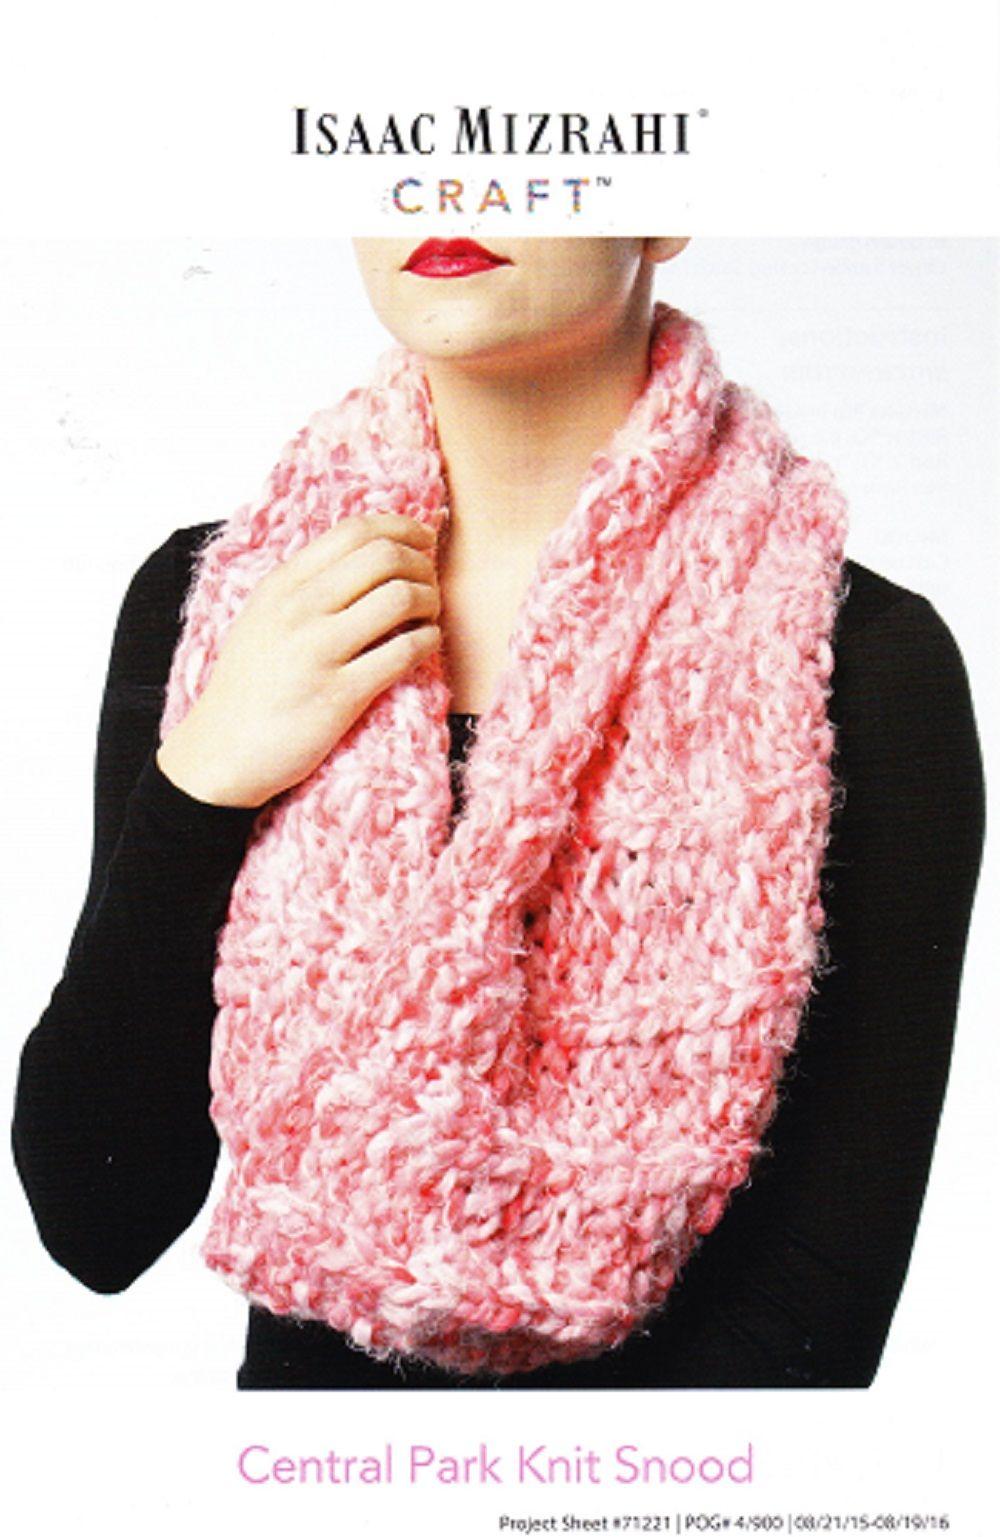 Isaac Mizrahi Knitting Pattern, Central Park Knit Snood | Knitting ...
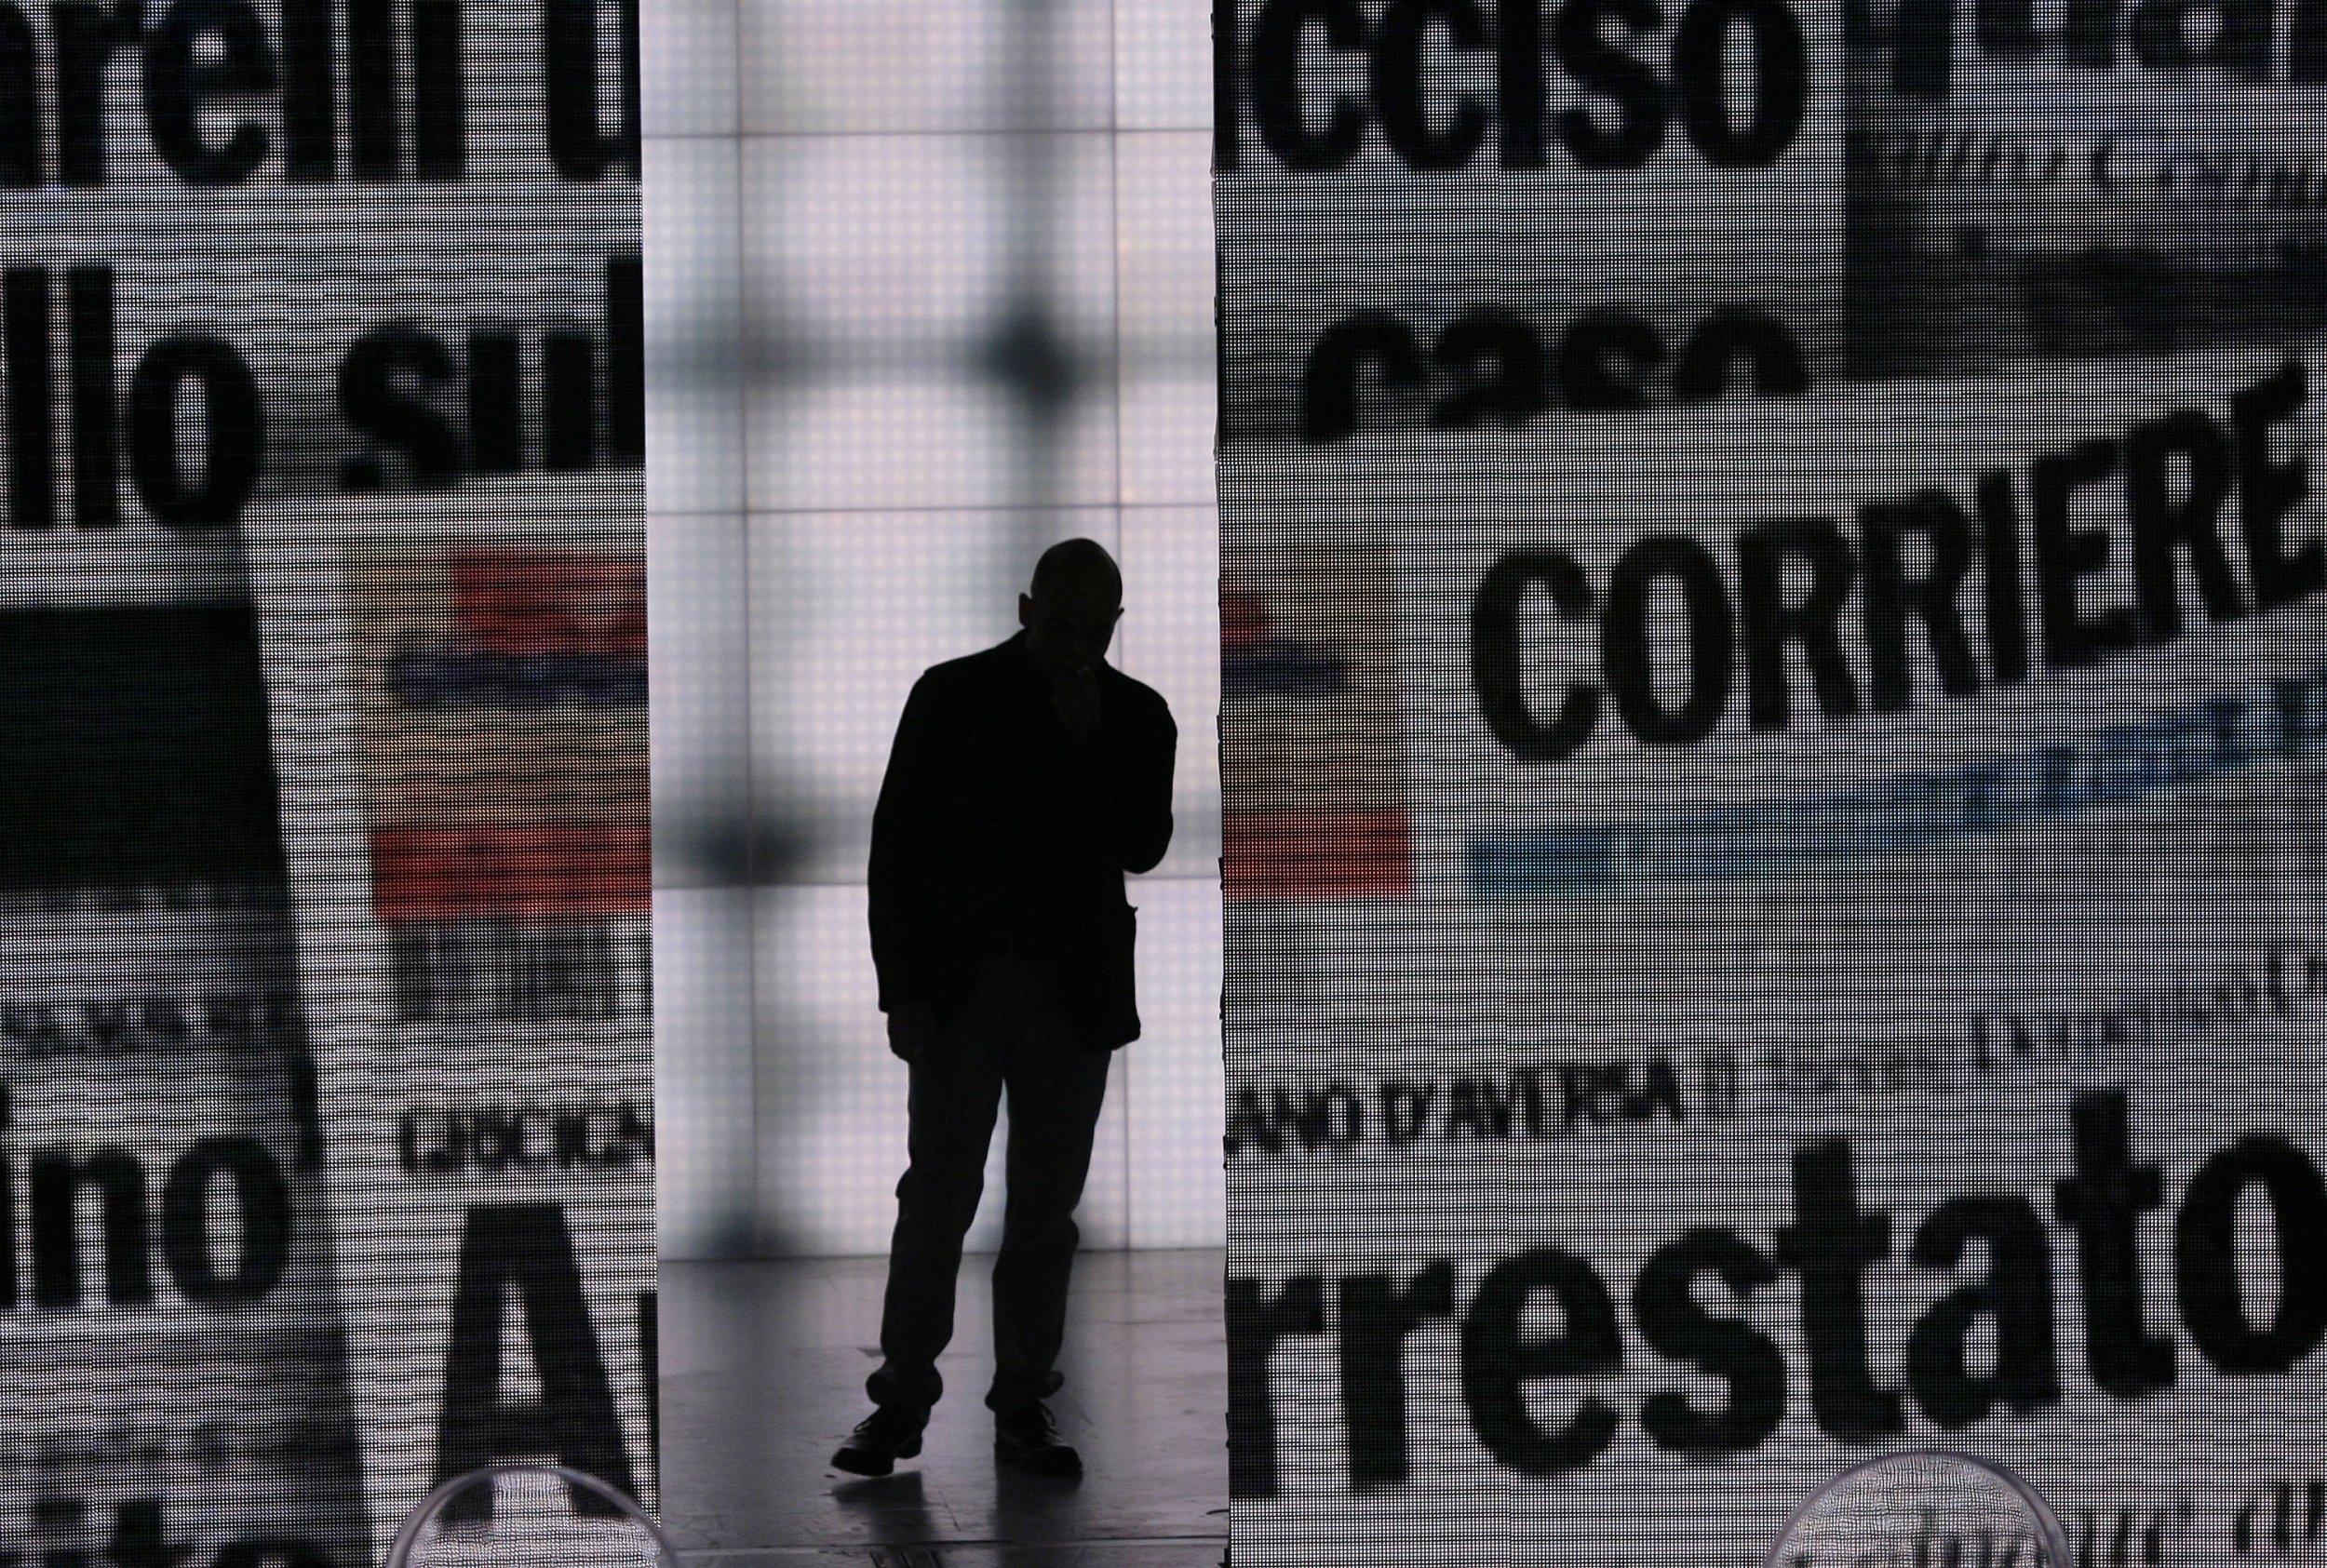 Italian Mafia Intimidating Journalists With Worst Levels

---

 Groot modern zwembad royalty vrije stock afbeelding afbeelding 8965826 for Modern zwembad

◆ PROBLEM STATEMENT
What's needed is an exact copy of the lines above from the one with "Isaac Mizrahi Knitting" through the one with "Italian Mafia Intimidating", both included; the pictures stay out.

◆ TASK RESPONSE
 Isaac Mizrahi Knitting Pattern, Central Park Knit Snood | Knitting ...
 Italian Mafia Intimidating Journalists With Worst Levels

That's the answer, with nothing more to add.